I see where everyone is coming from.
I have no formal background in audio, and I only started measuring speakers a year ago because I wanted to be a more informed reviewer. I have the luxury of being able to readily test many different speakers at my job, so that meant I was able to learn through a lot of trial and error and referencing to existing measurements before I was confident enough to publish my results. Even then, there were still some things I got wrong, and I will probably get other things wrong in the future.
Of course, I'm just a guy with a plastic turntable and a microphone. I use a setup with a total cost of about $200, not a $70,000 automated state-of-the-art machine.

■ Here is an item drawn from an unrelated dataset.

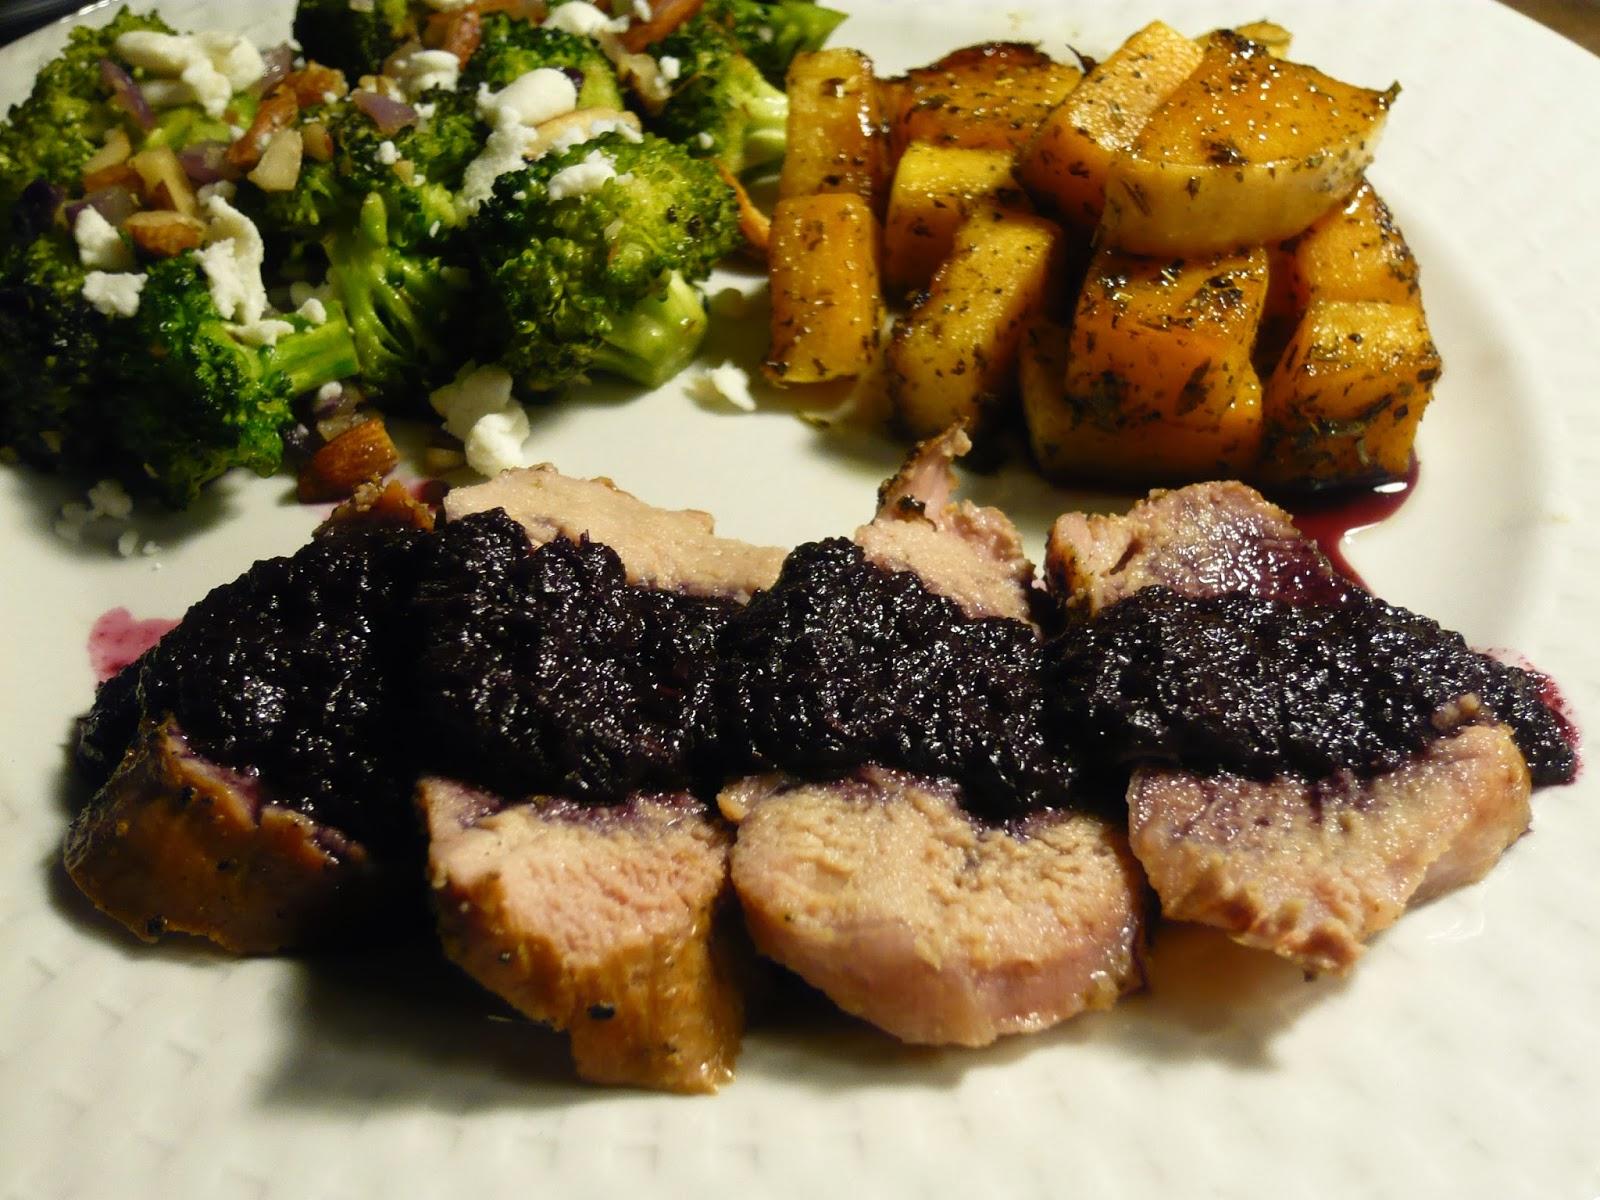 ... Contest: Grilled Pork Tenderloin with Citrus Blueberry Balsamic Sauce

I'm not expecting the same kind of accuracy no matter how hard I try. I see why people expect perfection from the klippel. We just don't know yet if we're getting that until we can compare to speakers extensive anechoic published results. The 305P was close to that, but even for that all we had was a smoothed, low res measurement of its predecessor.
I think
@DDF makes a good point that if a speaker seems to measure and perform well below what is expected - as I think is the case with the kali below 500Hz or so - it's fair to reach out to the manufacturer and figure out what's going on before critiquing their design methodology. I don't think that jsut because Kali doesn't have the resources Harman once had doesn't mean they don't know how to design a good speaker. Otherwise we wouldn't have good speakers from any small manufacturer.
Ultimately, speaker designers spend much more time testing, measuring, and critiquing their own speakers than we do as reviewers and readers. I don't know whether that should necessarily stop you from publishing measured data when a speaker measures poorly right away, but it's probably fair to reach out after publishing and not come to an absolute conclusion about the process if the data is well off what's expected. I.e. In my job as a reporter, if something seems amiss with a product we've published an article about, we'll say something like "we're reaching out for more information/clarification and will update this post if we hear back." If they don't get back to us, that's their fault.

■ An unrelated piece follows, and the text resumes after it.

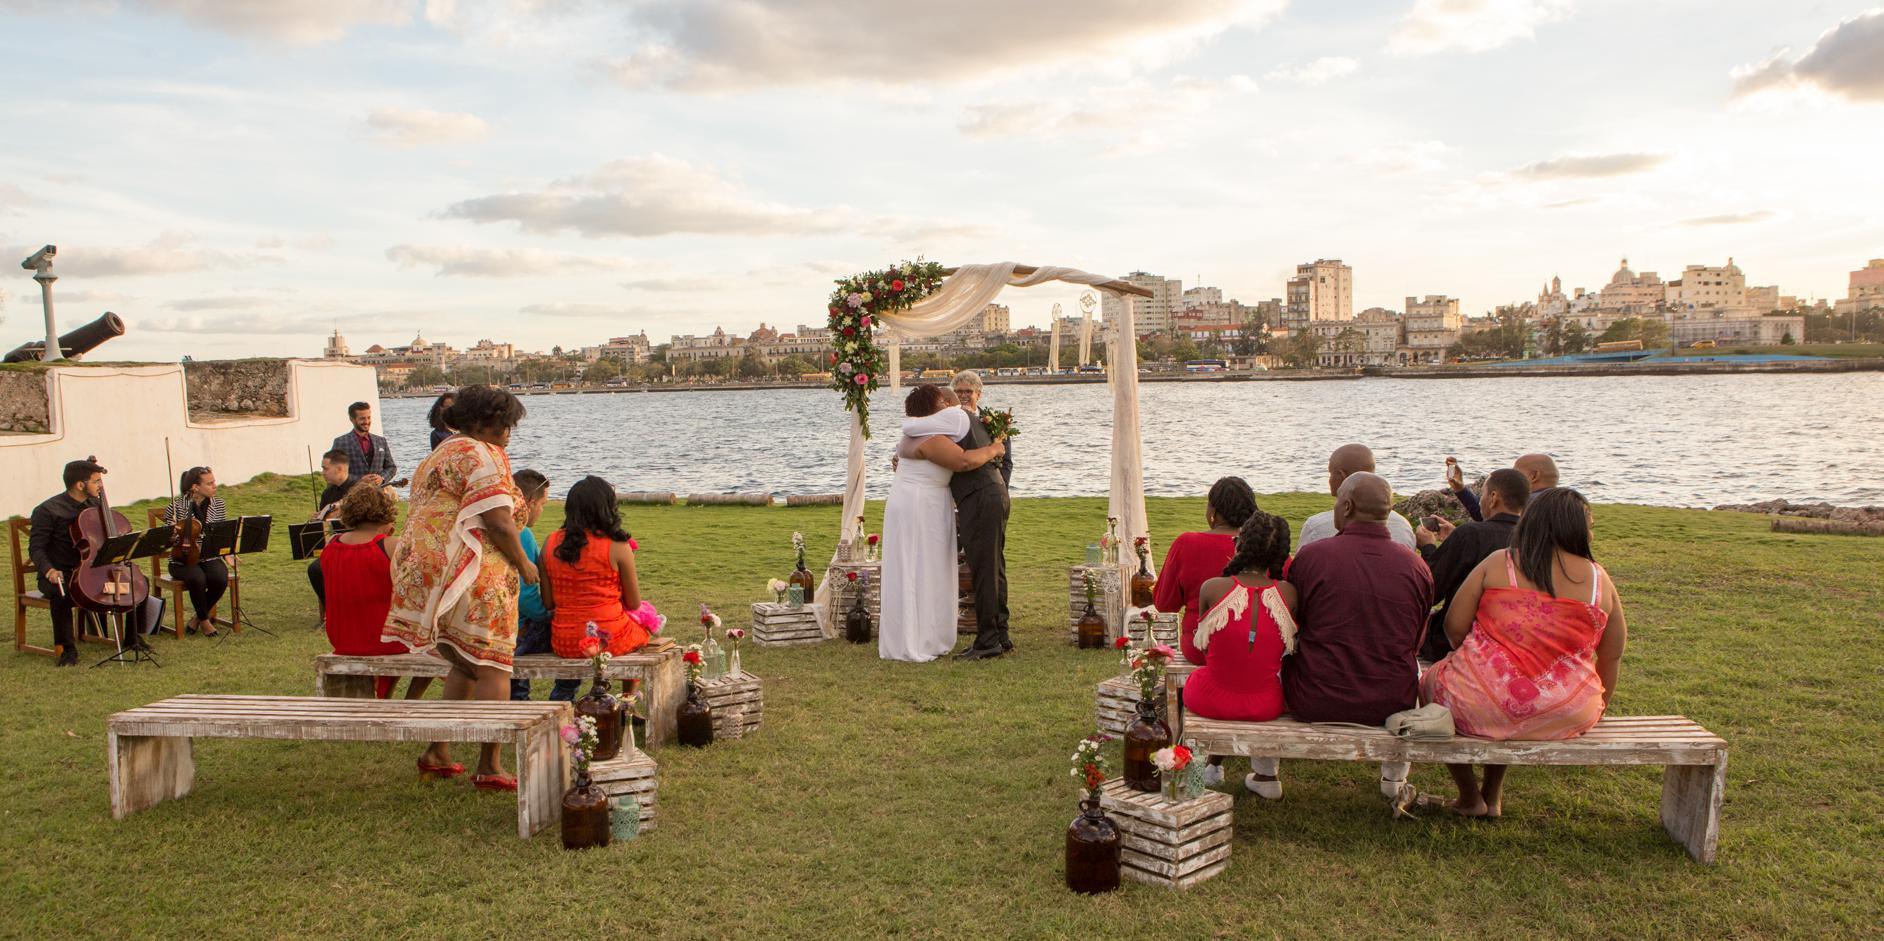 bodas-sin-clasificar-sin-tema-cuba-42191.jpg

A speaker I measured a while ago seemed to have poor measured treble performance and sounded a little muddy. Upon further inspection, it seemed the tweeter had been damaged at some point in shipping - ever so slightly enough to not be noticeable if you're not paying attention. Luckily, I had the other speaker in the pair to compare it to, and the damage was evident in the measurements. I got a replacement from the manufacturer, and it both sounded and measured noticeably better. If I hadn't checked, the speaker would've gotten a bad review.
On the other hand, I'll say it again: The onus in on the manufacturer to provide their measured data and dispell errors in consumer measurements. Whether that's Kali, JBL, or whomever. They have the data, but they don't want to share or can't share for bureaucratic reasons. I don't know any major speaker manufacturer that doesn't measure its speakers, even if they're tuning by ear.
This doesn't just go for bad speakers, it happens with good speakers too. It's something we need to change about audio marketing and culture. Look at my spin of the devialet phantom reactor for instance.
I was pretty shocked. This is a tiny speaker with a pair of 4-inch woofers aimed at the luxury market. But other than an
excess in bass (which it maintains to pretty high SPL levels), it measures better than many studio monitors, let alone hi-fi speakers. It would probably look even better in a proper measurement rig.
Devialet has
no reason to hide this data. They could've built up so much more clout with audiophiles if they shared it. Instead, they're often just perceived as another luxury audio brand that doesn't care that much about sound quality (software issues aside). You can say the same about Sonos, whose few measurements I've seen have been pretty solid.
And yet, hide it, they do. Probably because that's what marketing told them to.
The good thing is Amir's work is helping to change culture around measurements and data provided. There are some growing pains, but I believe it will have the same effect with speakers.
Going forward, I think the solution is simple. No need to continue doubting the uber-expensive measurement rig with years of research behind it. Let's test more speakers with available data. Someone send this man a KH80 or Revel. Then we'll know if it's a speaker issue or a configuration issue. In the meantime, it looks like he'll be getting a replacement for the IN-8, and we'll eventually be getting data from Kali we can compare to. That's ultimately a win for us too.